This loop iterates through the small few-shot dataset for a specified number of epochs, calculating the loss and updating only the LoRA weights (matrices A and B).

6. Evaluating the Adapted Model

After training, we evaluate the performance of the model with the trained LoRA adapters on the held-out evaluation set.

from sklearn.metrics import accuracy_score

def evaluate(model, dataloader, device):
    model.eval() # Set model to evaluation mode
    all_preds = []
    all_labels = []
    total_eval_loss = 0
    progress_bar = tqdm(dataloader, desc="Evaluating", leave=False)

    with torch.no_grad(): # Disable gradient calculations
        for batch in progress_bar:
            batch = {k: v.to(device) for k, v in batch.items()}
            outputs = model(input_ids=batch['input_ids'],
                            attention_mask=batch['attention_mask'],
                            labels=batch['label'])

            loss = outputs.loss
            total_eval_loss += loss.item()

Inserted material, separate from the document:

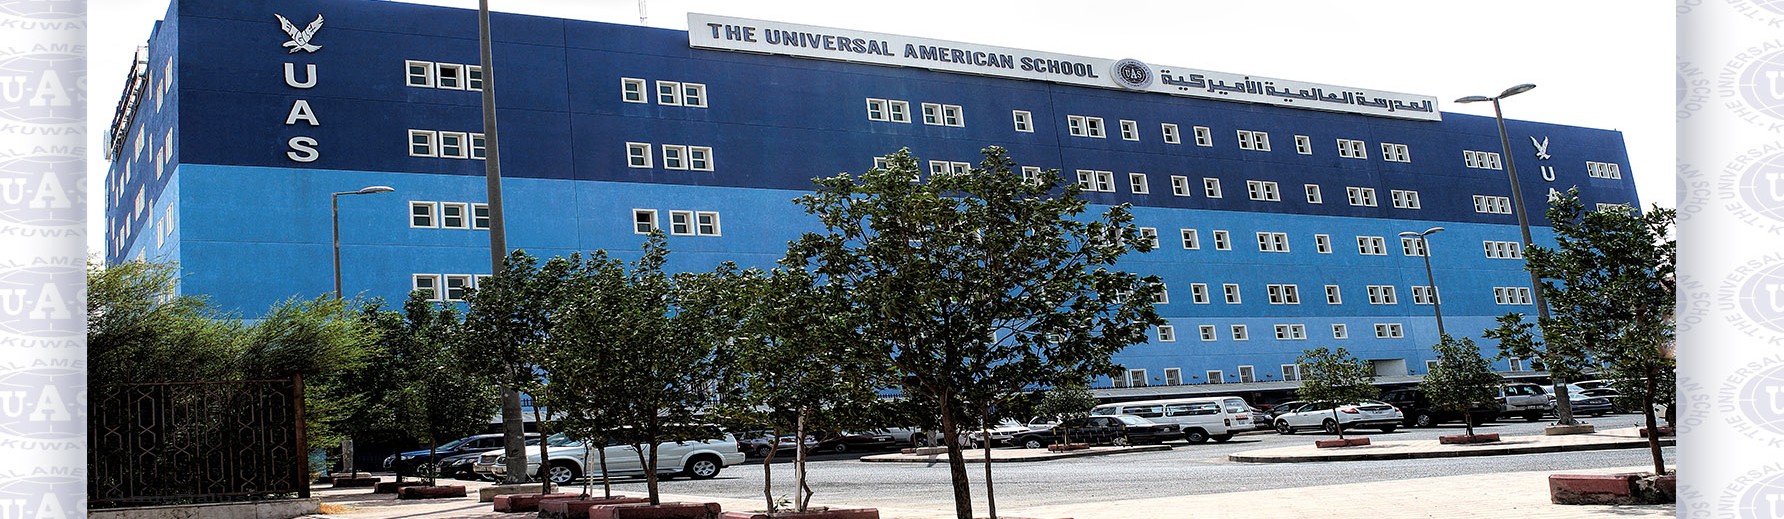 The Universal American School - Kuwait Banner

            logits = outputs.logits
            predictions = torch.argmax(logits, dim=-1)

            all_preds.extend(predictions.cpu().numpy())
            all_labels.extend(batch['label'].cpu().numpy())

    avg_eval_loss = total_eval_loss / len(dataloader)
    accuracy = accuracy_score(all_labels, all_preds)
    print(f"Evaluation Loss: {avg_eval_loss:.4f}")
    print(f"Evaluation Accuracy: {accuracy:.4f}")
    return accuracy, avg_eval_loss

# Perform final evaluation
print("\nPerforming final evaluation...")
evaluate(lora_model, eval_dataloader, device)

This evaluation function calculates the loss and accuracy on the evaluation set, providing a measure of how well the adapter generalized from the few-shot training examples.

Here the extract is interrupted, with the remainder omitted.